# The SBHonline Community Daily > Digerati Discussions! >  >  virtual Private Networking. A tutorial

## JEK

https://www.bestvpn.com/blog/38176/v...ers-need-know/

----------


## andynap

Excellent article.

----------


## LuckyKid

Can anyone offer a suggestion for a paid VPN provider for iOS iPhone/iPad they've used and or like?

Using open wifi isn't safe anymore and I'd like a safer option with good coverage for travel in N. America and Caribbean.  (That island would be a plus too.)

----------


## MIke R

I use VPN Express App for iPad  to get Pandora down there......seems to work well

----------


## andynap

> Can anyone offer a suggestion for a paid VPN provider for iOS iPhone/iPad they've used and or like?
> 
> Using open wifi isn't safe anymore and I'd like a safer option with good coverage for travel in N. America and Caribbean.  (That island would be a plus too.)



Yes- VPN Express

----------


## KevinS

I also use VPN Express from Express Network Solutions.  For security purposes, it seems to work well.  For watching/listening to media content outside of the US, most work OK.  You get a free block of data, and then purchase additional blocks as needed.

----------


## LuckyKid

Thanks Mike, Andy and Kevin. It's a bit of a crowded market segment. Lots of providers, free and paid.
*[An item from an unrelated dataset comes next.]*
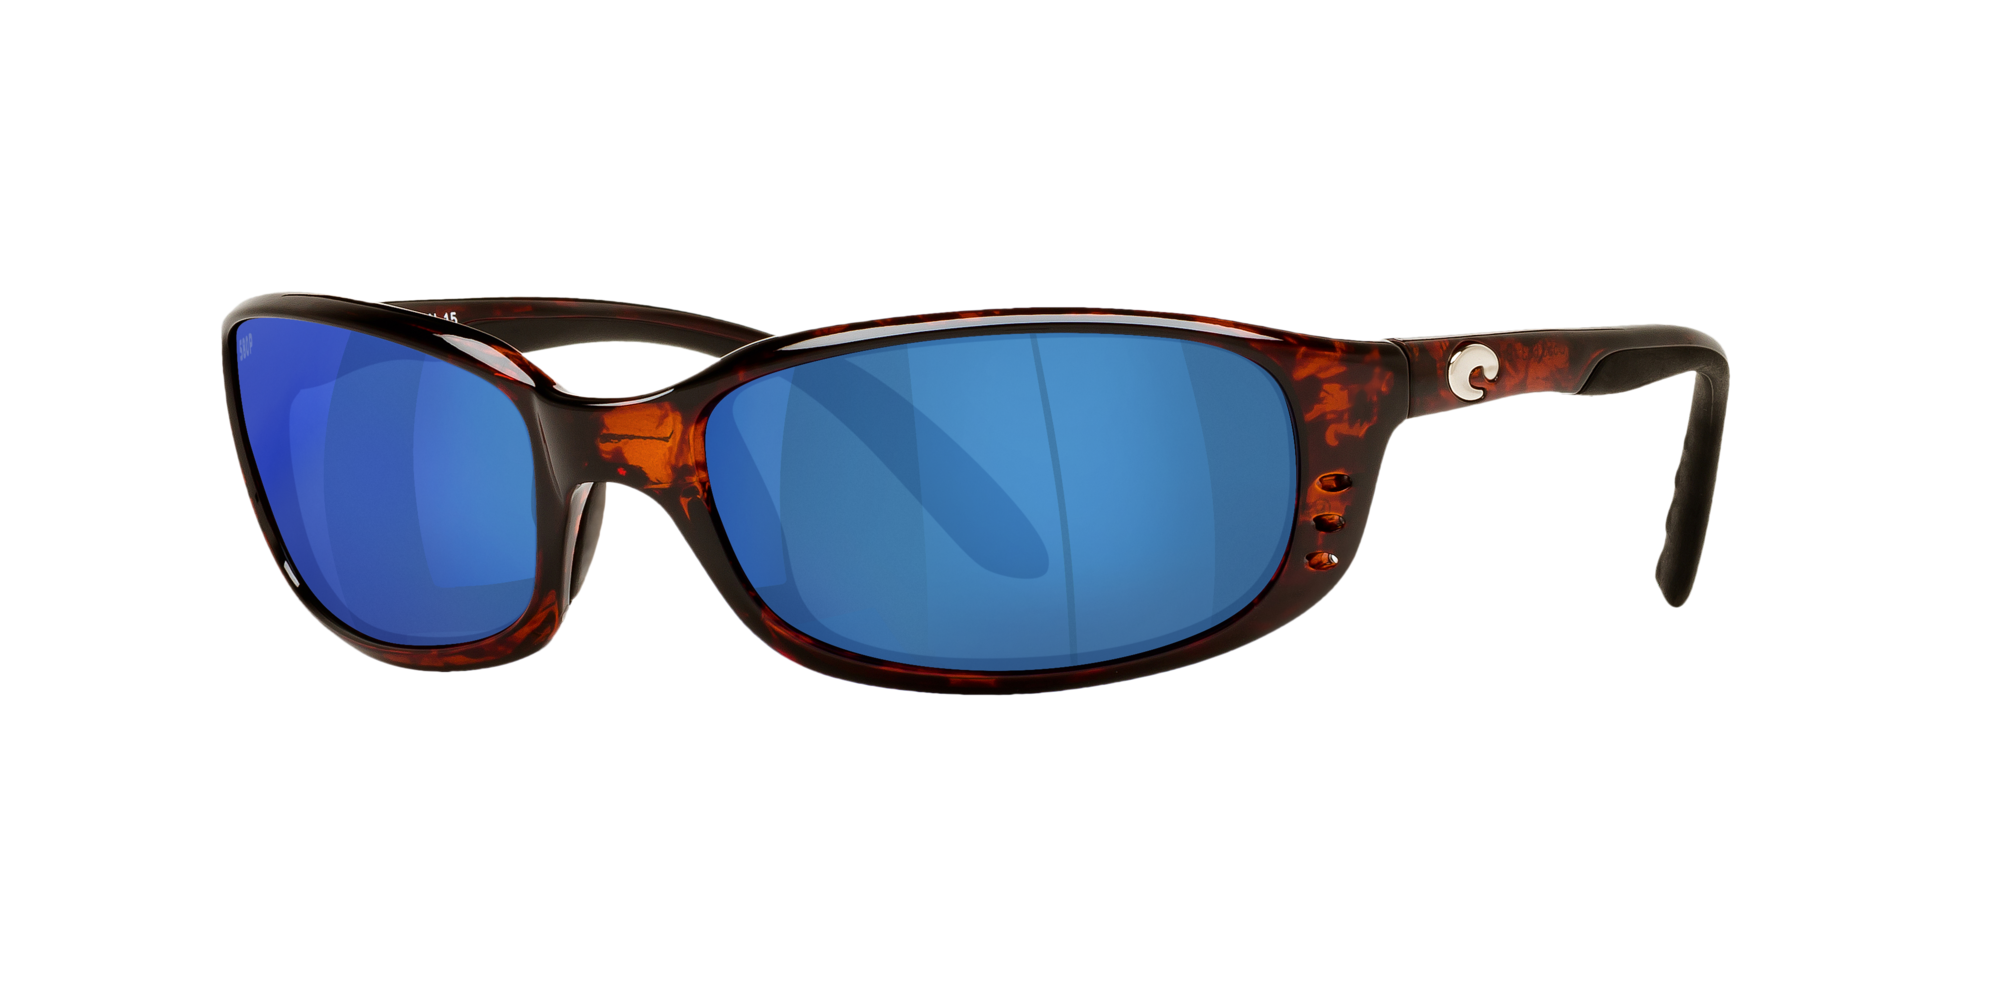 2.50 Sunglasses BR 11 OGP 2.50 97963530934 Costa Del Mar New Costa Del Mar Brine Polarized Gray 580P 
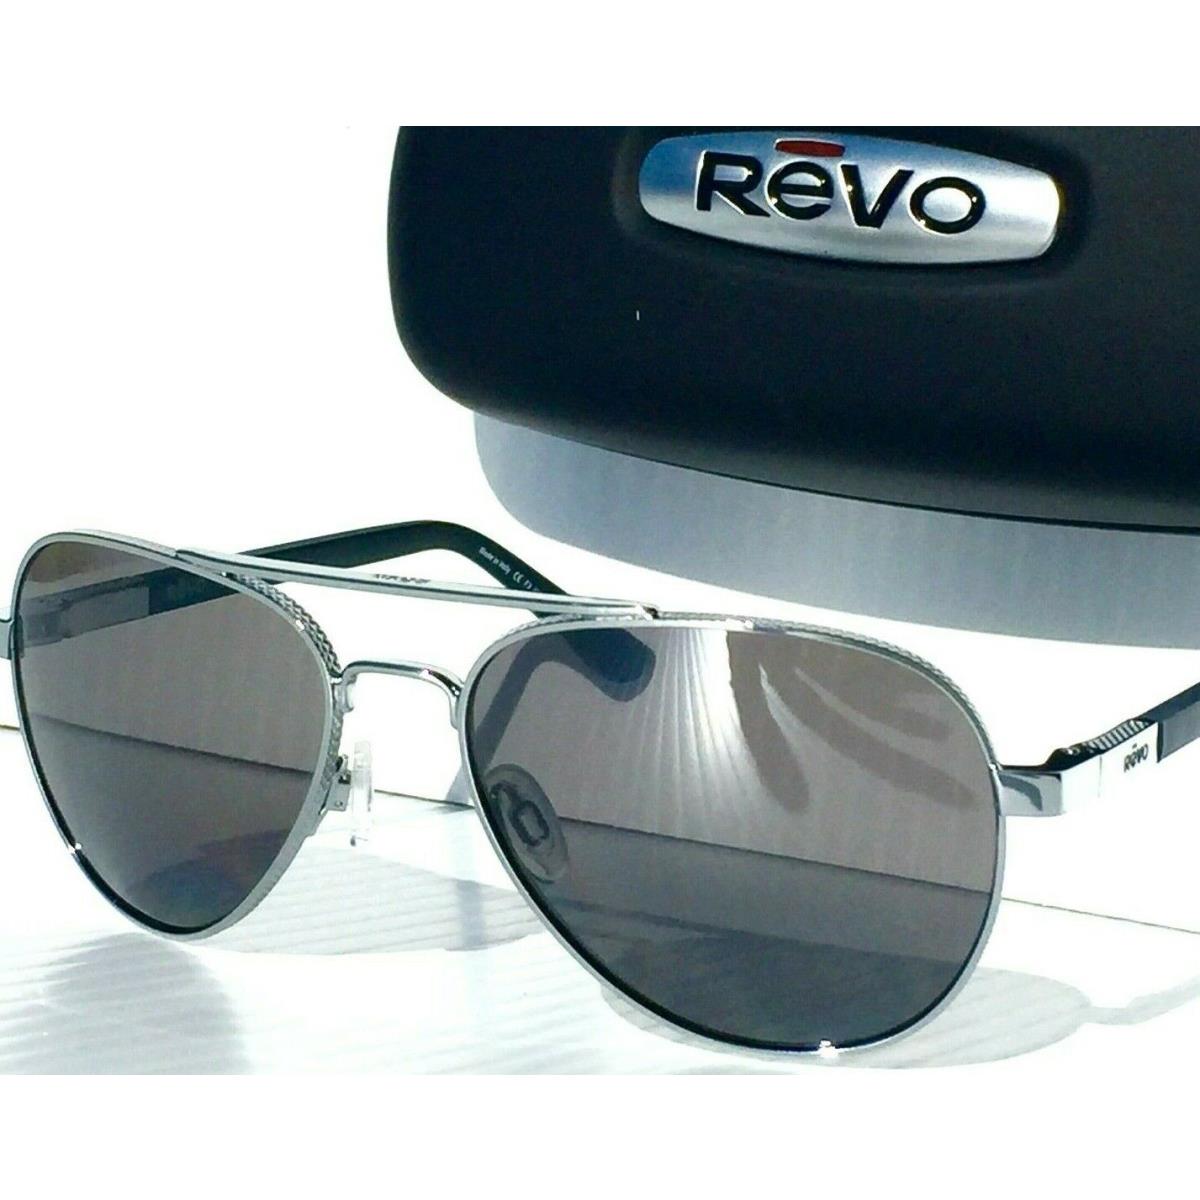 Revo sunglasses Raconteur - Chrome Frame, Graphite Grey Polarized Lens

Kevin, is this the iOS version of the app you referred to?
https://itunes.apple.com/us/app/vpn-...375584677?mt=8

I ask since there is also these guys named ExpressVPN (unlimited bandwidth)
https://www.expressvpn.com/

For my use - speed and avail. of VPN servers in-region would be slightly more important - cost isn't (within reason.) I have access to our company VPN but it's a long haul and wouldn't be my first choice.

----------


## KevinS

That's the app that I use.  It uses the "buy a block of bandwidth" pricing model.  The ExpressVPN app, which I haven't tried, is a subscription pricing model.

----------


## LuckyKid

> That's the app that I use.  It uses the "buy a block of bandwidth" pricing model.  The ExpressVPN app, which I haven't tried, is a subscription pricing model.



Yes. Understood. Thanks for the info. It always helpful to know "what works"!

----------


## GramChop

Hey, LuckyKid...I was perusing one of my favorite websites, Lifehacker.com, and came across this:  http://stacksocial.kinja.com/stay-se...-39-1793497175

----------


## LuckyKid

I ended up pulling the trigger on F-Secure's Freedome VPN service. Long time Finnish security company.

7 devices, for 12 months, for $40. (50% off in March.)

I'm happy with it so far. Performance is fine. Mac OS installer is a bit wonky, but it's been great on iOS and my PCs.

----------


## Petri

Also  :thumb up:  to F-Secure's Freedome.  It's a bit more security and privacy oriented than your average VPN providers.

----------